The treatment for D-lactic acidosis is NaHCO3 to correct acidemia and antibiotics to decrease the number of organisms producing D-lactate.
Therapeutic plasma exchange was reported to successfully treat propofol-infusion syndrome in a single adolescent patient.[38]
Lactic acidosis is observed frequently in patients who are critically ill. Despite a large number of potential etiologies, tissue hyperfusion is by far the most common etiology.
Aggressive cardiorespiratory resuscitation designed to restore tissue perfusion is the fundamental approach to these patients.
Titrating therapies to traditional endpoints (eg, blood pressure) may not ensure that the microvascular bed is reperfused. Monitoring blood lactate concentration not only allows for prognostication but also serves as an indicator of when supportive therapies are restoring tissue perfusion.
Go to Acute Lactic Acidosis for complete information on this topic.
Consultation with a critical care medicine specialist for further diagnostic procedures and supportive therapy is recommended for patients who are critically ill.
Patients with chronic, mild hyperlactemia should be referred to an endocrinologist for elucidation of the underlying pathology and appropriate management.

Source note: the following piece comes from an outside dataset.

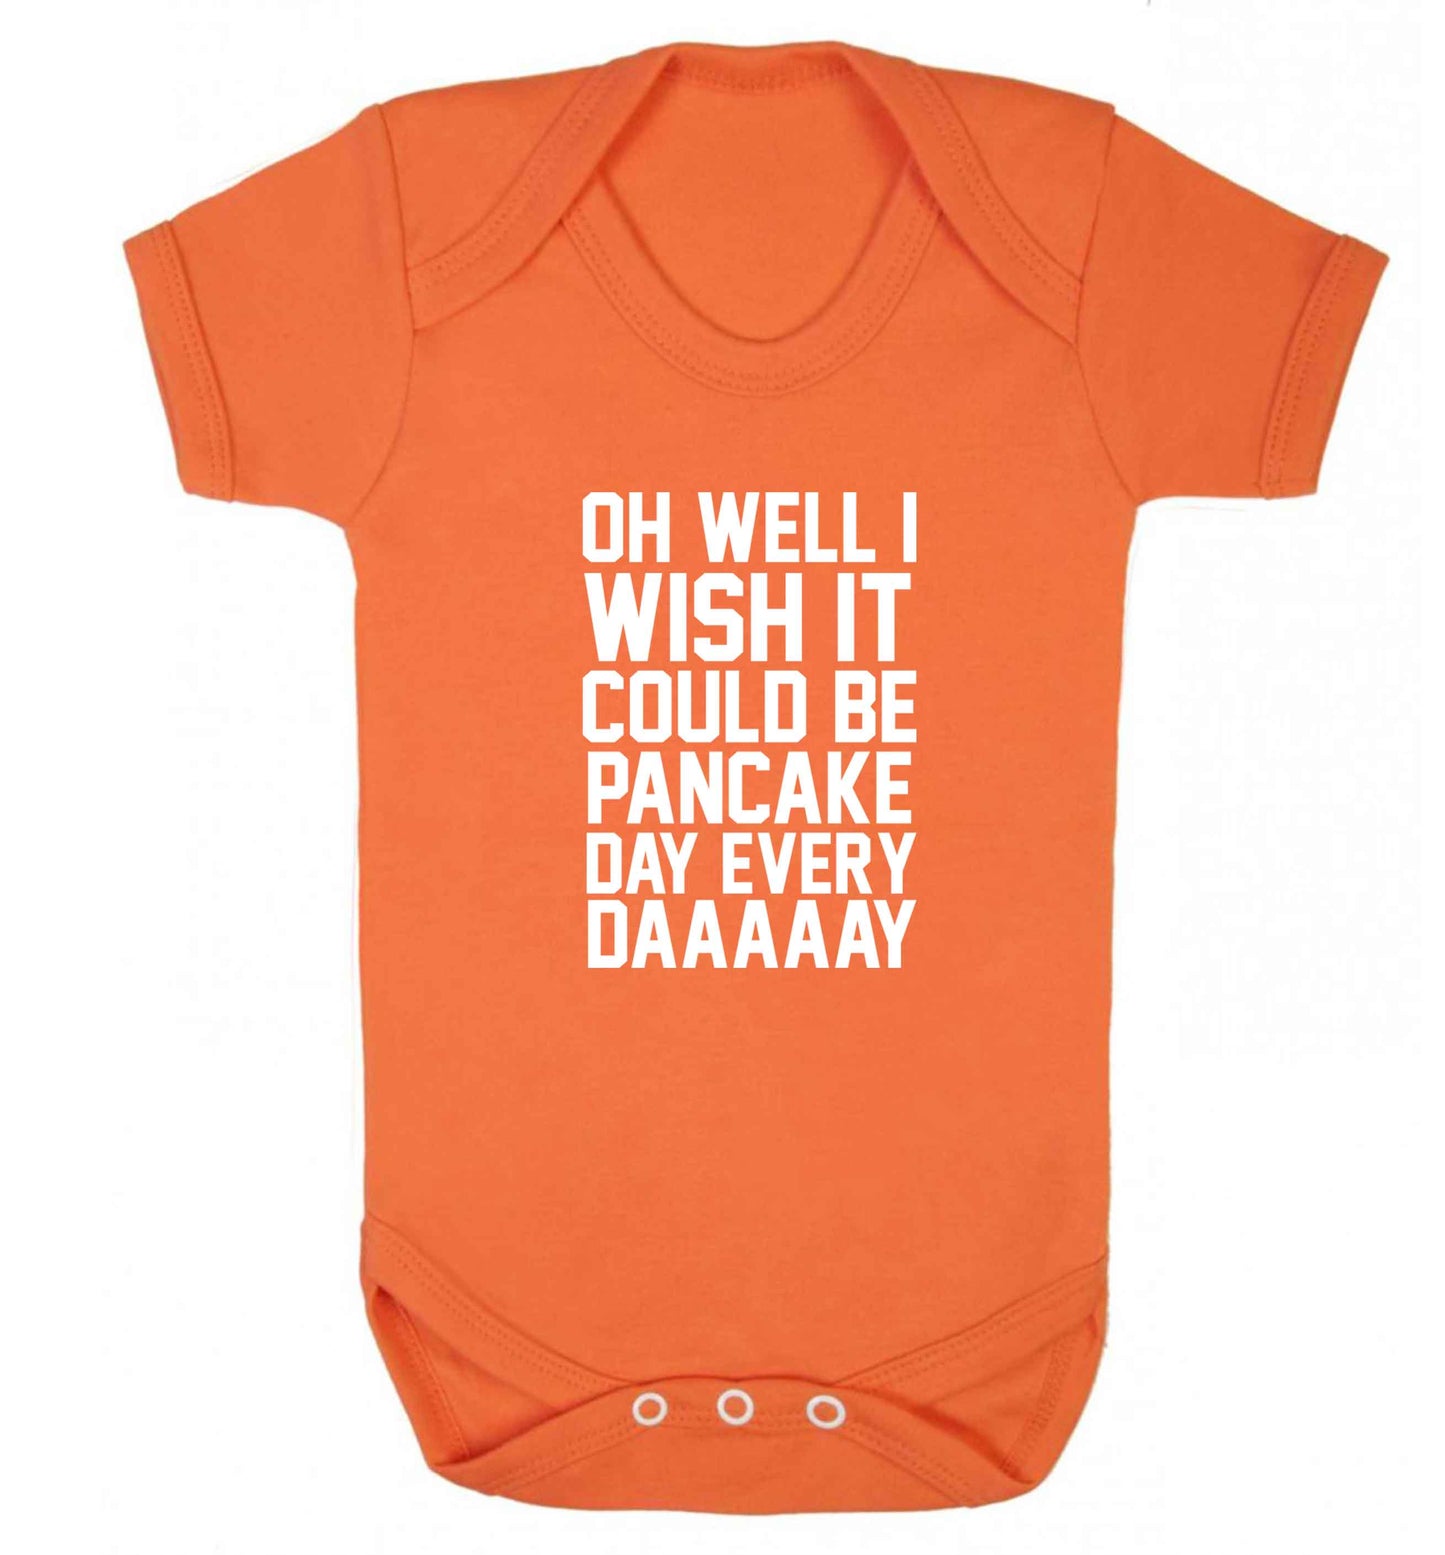 Oh well I wish it could be pancake day every day baby vest orange 18-24 months

Definitive treatment for lactic acidosis is correction of the underlying cause for type A lactic acidosis and the removal of the offending drug or toxin in type B lactic acidosis. As previously stated, controversy surrounds the use of alkali in treating lactic acidosis.

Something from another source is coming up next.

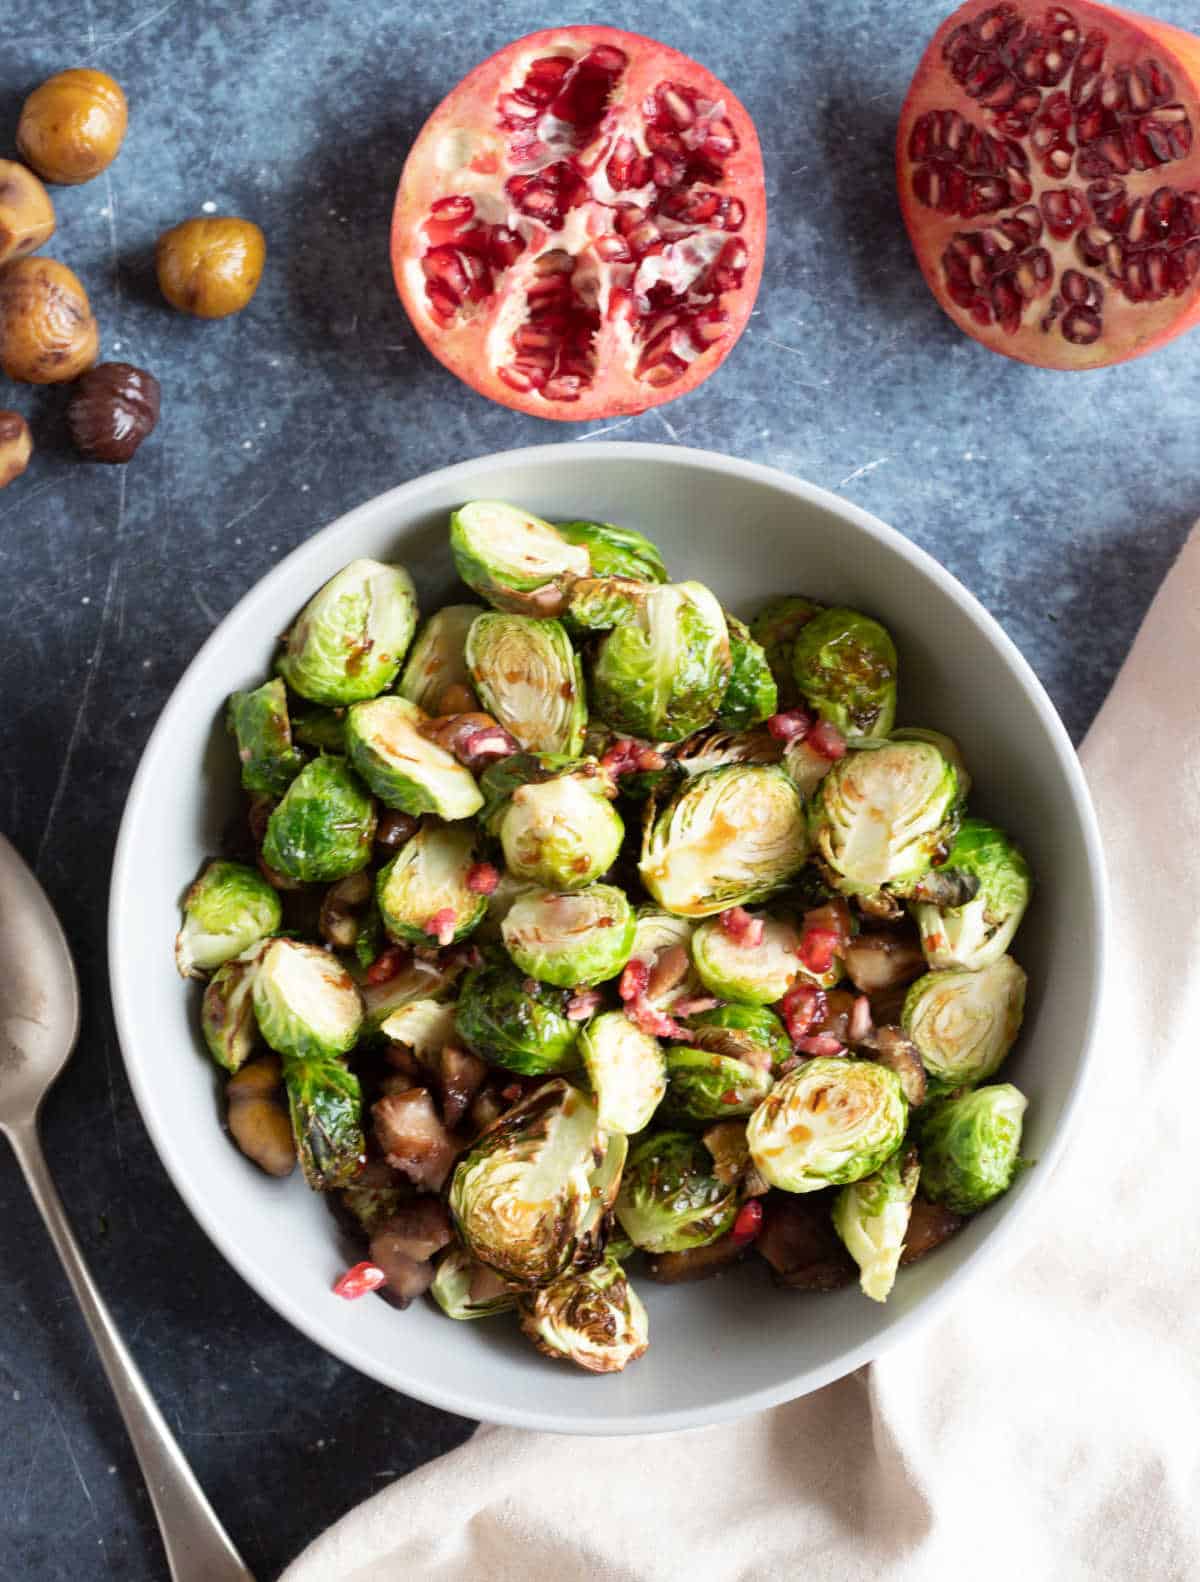 Crispy air fryer Brussel sprouts in a bowl.

Clinical Context: Sodium bicarbonate is commonly used for severe metabolic acidosis with associated hemodynamic instability, although this practice remains controversial.
Clinical Context: Tromethamine confers a theoretical benefit over sodium bicarbonate as it does not generate carbon dioxide. The effects on patient outcomes are not known.
NaHCO3 may be used as a temporizing measure in very severe acidosis and in patients who become hemodynamically unstable because of the acidosis. Tromethamine is a buffering agent that does not generate carbon dioxide.
Clinical Context: Vitamin B-1 is used for thiamine deficiency, including Wernicke encephalopathy syndrome. It is also used in patients with lactic acidosis of no established cause. Thiamine deficiency may rarely cause lactic acidosis.